Sharing, matching and learning can occur in two ways. When a lot of firms in the same industry gather in the same city, or just because a lot of people and firms are located together, making the city large enough to justify, for instance, heart and lung transplant centres.

Of course, along with the great benefits of crowding together go the costs of crowding together - such as feeling terribly crowded.

There are more people per square kilometre living in the centres of our big cities than there were five years ago. Sydney’s population density has increased by 23 per cent – and Melbourne’s by a mere 46 per cent.

And surely more crowding means more traffic congestion. But this is where Terrill and the co-author of her report, Hugh Batrouney, found their first strange fact. Between the last three censuses, from 2006 to 2016, there’s been virtually no change in the distance between where people live and where they work, measured as the crow flies.

Next surprise came from the HILDA survey – household income and labour dynamics in Australia – which, among other things, asks people how long they spend commuting.

In the four surveys between 2004 and 2016, for both Sydney and Melbourne there was no change in the fact that a quarter of workers had one-way commutes lasting no longer than 15 minutes. One half of workers had commutes no longer than 30 minutes.

When you take it up to the experience of three-quarters of workers, there was some increase over the years in Sydney, but only a small increase in Melbourne. Other figures, from Transport for Victoria, tell a similar story.

So, we all think the increasing traffic volume is leading to greater delay and, hence, longer commute times, but the best available actual measures of commute times say they’re little changed.

Find that hard to believe? Well, as I say, few transport economists would. Why not? Because it fits well with what they call “Marchetti’s constant”. Marchetti was an Italian physicist credited with discovering the empirical truth that the average time spent by a person on commuting is about an hour a day – 30 minutes each way.

The amazing truth of this “constant” has been shown by many studies of many cities around the world.

And it fits with another empirical regularity known as the “Lewis-Mogridge position”, formulated by those gents in 1990: “traffic expands to meet the available road space”.

The government notices that traffic is particularly congested on a certain road, so it builds a big new expressway. When it opens, the time taken to get from A to B falls dramatically. But when people realise this, more of them stop travelling to work by public transport and start going by car.

So many people do this that the speed gain disappears within months, even weeks. The time taken to get from A to B goes back to about what it was before the expressway was built.

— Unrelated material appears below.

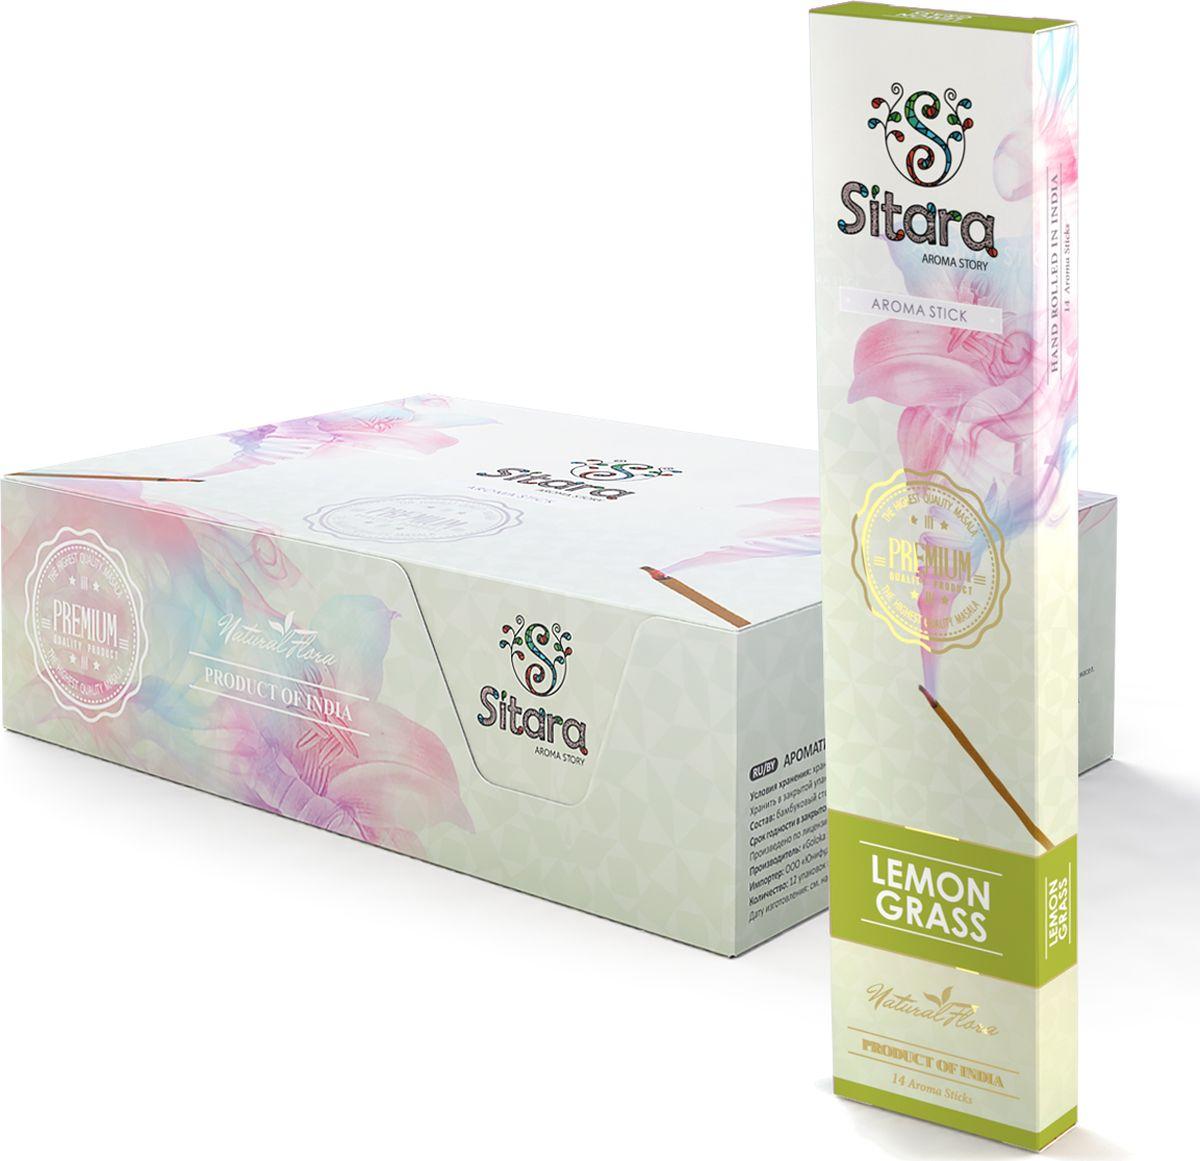 Ароматические палочки Sitara Premium

The only change is that a higher proportion of workers are able to go by car. The traffic jam is often just shifted to another place on the road network.

Getting back to road congestion in Sydney and Melbourne, how can the gap between what we think has happened and what actually happened be explained?

One possible part of the explanation is that although the traffic really is heavier, making trips less pleasant, this doesn’t prolong the time of the trip as much as we think it has.

But the main explanation – both in Oz and in other countries – is that commuters adapt to the greater congestion.

They take evasive action by moving to a job that’s closer to home, or moving to a home that’s closer to the job. Or they stop going by car and start using public transport.

One thing that really has changed with our bigger cities is more crowded trains and buses.

It’s as though each of us has our own internal, unconscious regulator that draws the line at 30 minutes and, when that limit is exceeded, prompts us to take steps to get travel times back down to where they should be.

Terrill and Batrouney are clear on this: in neither city was enough new infrastructure built between 2011 and 2016 to explain why the huge population growth didn’t lengthen commute times.

The government didn’t fix it, you and I did. Which says we ought to be wary of thinking the obvious – and only - solution to greater crowding is greater spending on transport infrastructure.